With the :truncation strategy you can also pass in options, for example:
<pre>
  DatabaseCleaner.strategy = :truncation, {:only => %w[widgets dogs some_other_table]}
</pre>

<pre>
  DatabaseCleaner.strategy = :truncation, {:except => %w[widgets]}
</pre>

(I should point out the truncation strategy will never truncate your schema_migrations table.)

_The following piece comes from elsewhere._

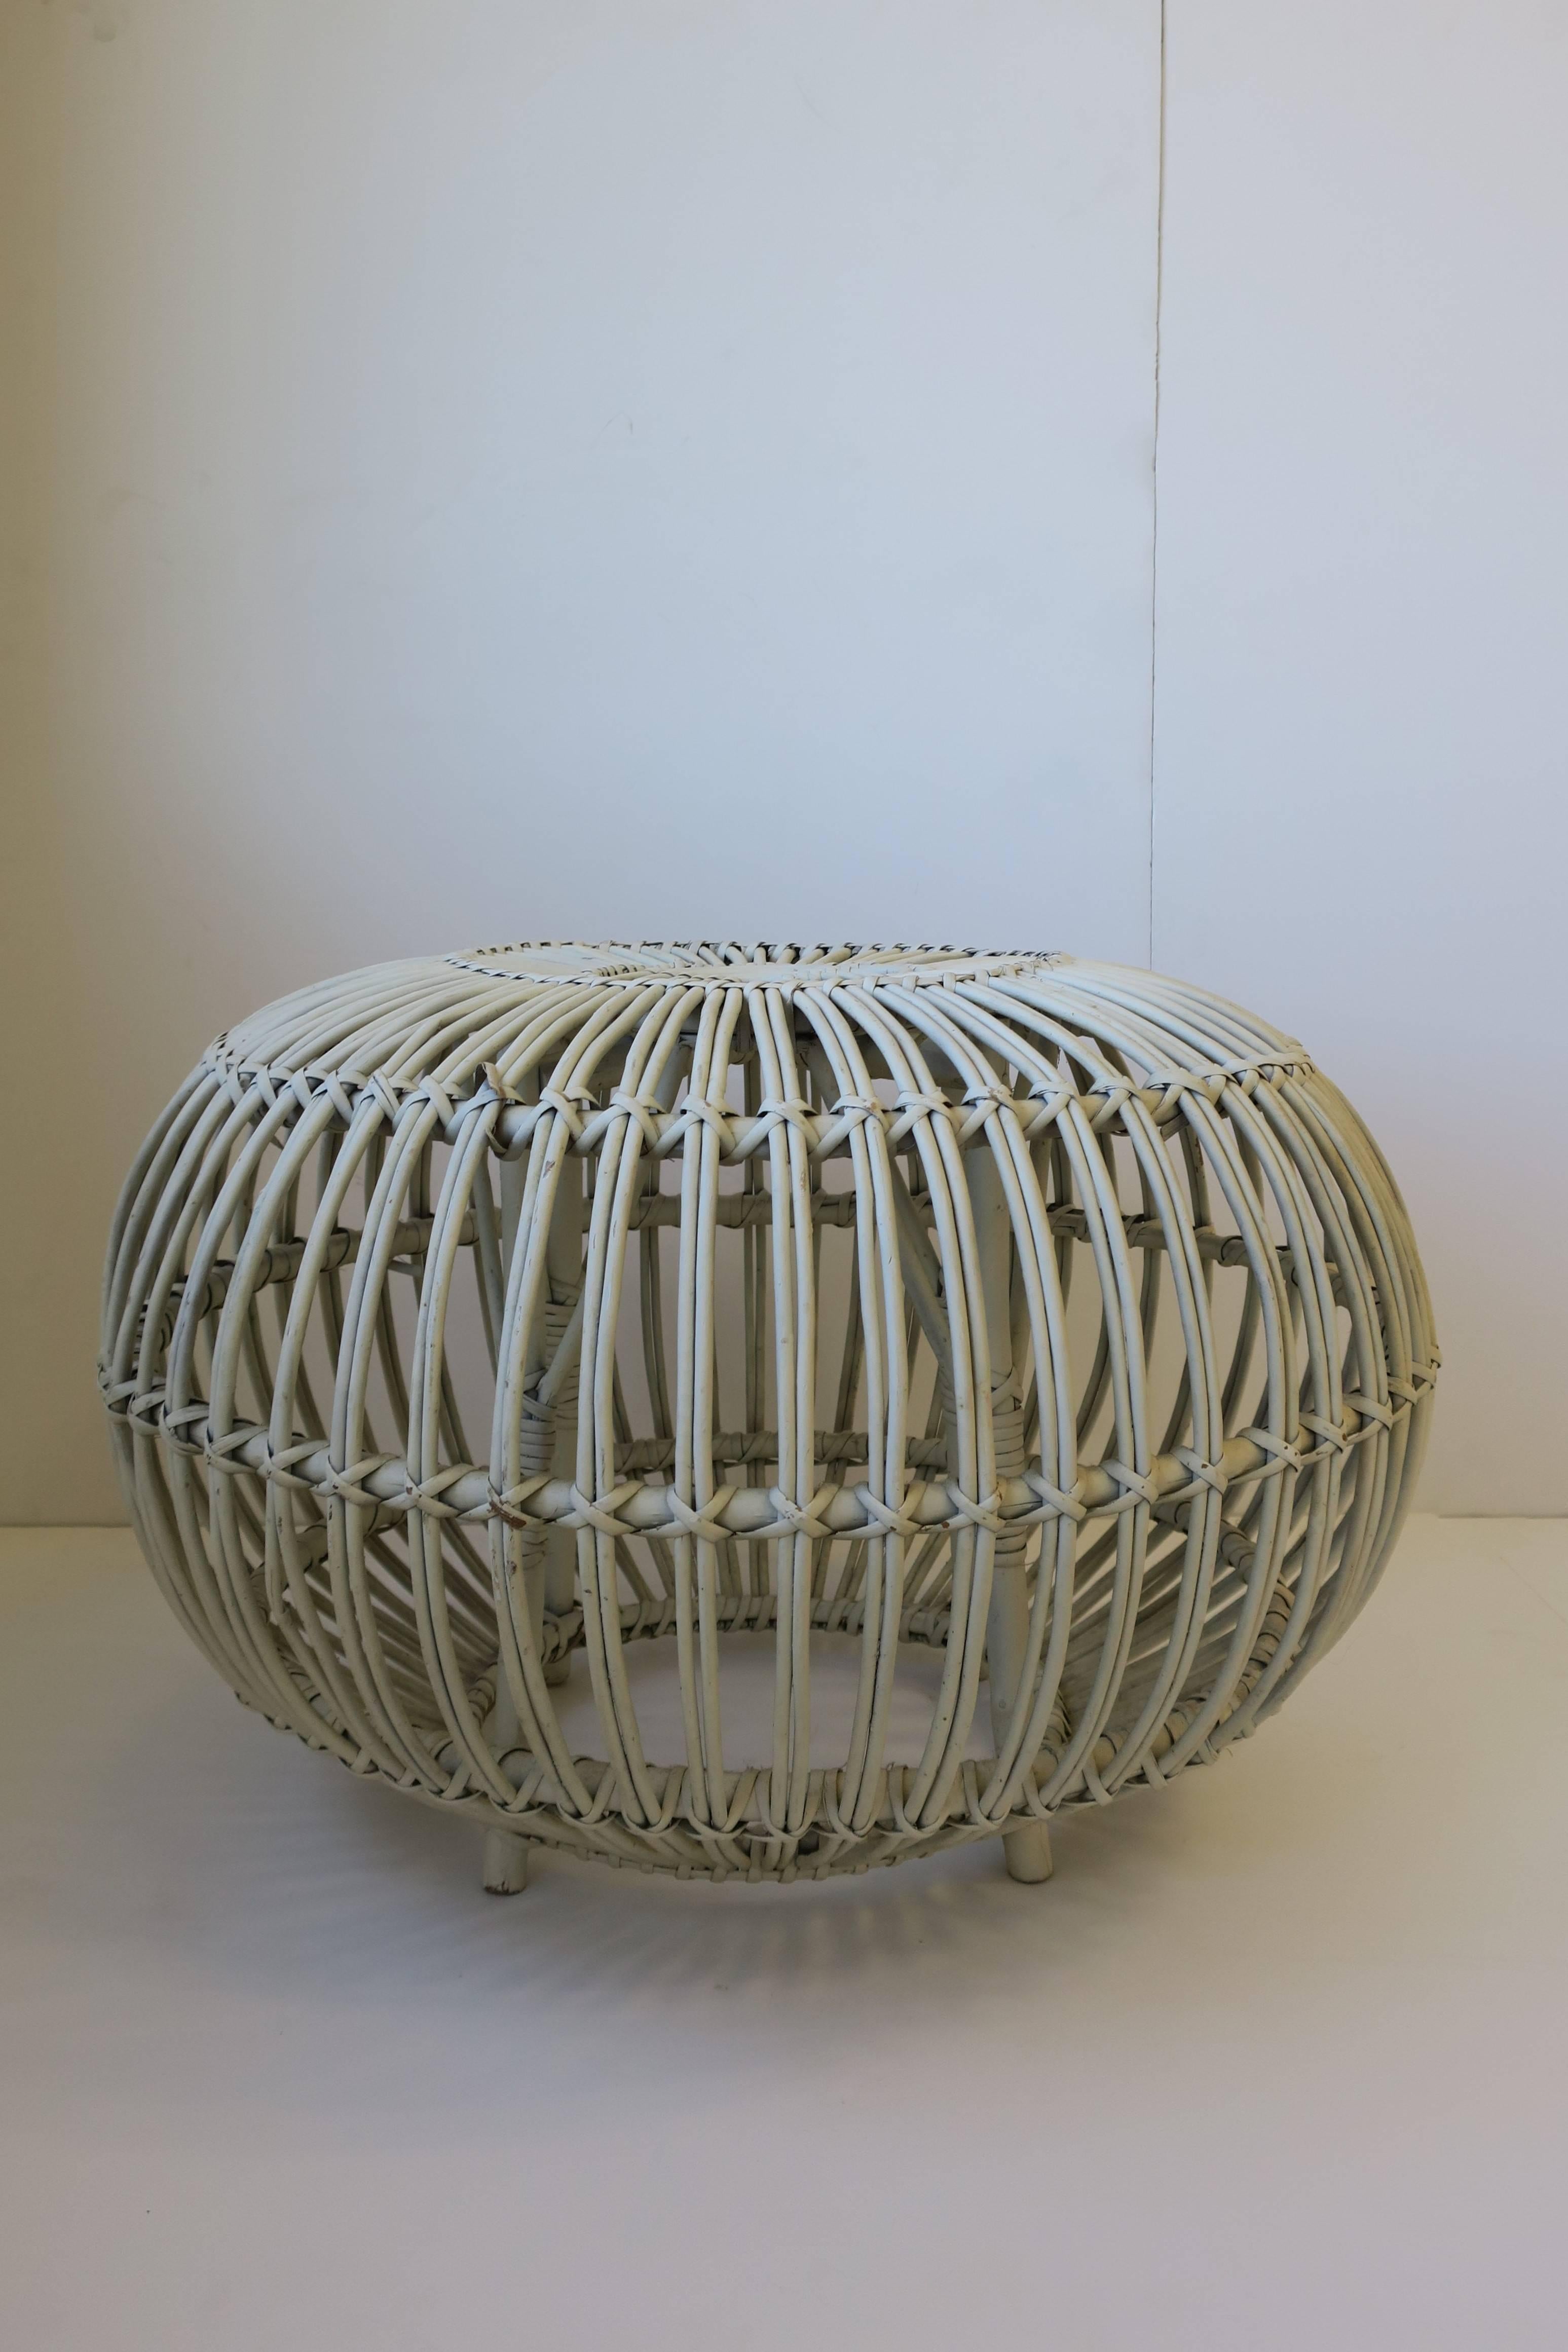 A Mid-Century round white rattan stool or side table by designer Franco Albini. Piece can work as a stool/round bench, footstool, pouf/ottoman, or as a side table providing there is a book, tray, or glass top in place. Shown with book and coral in

Some strategies require that you call DatabaseCleaner.start before calling clean 
(for example the :transaction one needs to know to open up a transaction). So
you would have:

<pre>
  require 'database_cleaner'
  DatabaseCleaner.strategy = :transaction
  
  DatabaseCleaner.start # usually this is called in setup of a test
  dirty_the_db
  DatabaseCleaner.clean # cleanup of the test
</pre>

At times you may want to do a single clean with one strategy.  For example, you may want
to start the process by truncating all the tables, but then use the faster transaction
strategy the remaining time.  To accomplish this you can say:

<pre>
  require 'database_cleaner'
  DatabaseCleaner.clean_with :truncation
  DatabaseCleaner.strategy = :transaction
  # then make the DatabaseCleaner.start and DatabaseCleaner.clean calls appropriately
</pre>

Example usage with RSpec:

<pre>
Spec::Runner.configure do |config|

  config.before(:suite) do
    DatabaseCleaner.strategy = :transaction
    DatabaseCleaner.clean_with(:truncation)
  end

  config.before(:each) do
    DatabaseCleaner.start
  end

  config.after(:each) do
    DatabaseCleaner.clean
  end

end
</pre>

For use in Cucumber please see the section below.



h2. Why?

One of my motivations for writing this library was to have an easy way to 
turn on what Rails calls "transactional_fixtures" in my non-rails 
ActiveRecord projects.  For example, Cucumber ships with a Rails world that
will wrap each scenario in a transaction.  This is great, but what if you are 
using ActiveRecord in a non-rails project?  You used to have to copy-and-paste
the needed code, but with DatabaseCleaner you can now say:

<pre>
  #env.rb
  require 'database_cleaner'
  require 'database_cleaner/cucumber'
  DatabaseCleaner.strategy = :transaction
</pre>

Now lets say you are running your features and it requires that another process be 
involved (i.e. Selenium running against your app's server.)  You can simply change
your strategy type:

<pre>
  #env.rb
  require 'database_cleaner'
  require 'database_cleaner/cucumber'
  DatabaseCleaner.strategy = :truncation
</pre>

You can have the best of both worlds and use the best one for the job:
<pre>
  #env.rb
  require 'database_cleaner'
  require 'database_cleaner/cucumber'
  DatabaseCleaner.strategy = (ENV['SELENIUM'] == 'true') ? :truncation : :transaction
</pre>

h2. COPYRIGHT

Copyright (c) 2009 Ben Mabey. See LICENSE for details.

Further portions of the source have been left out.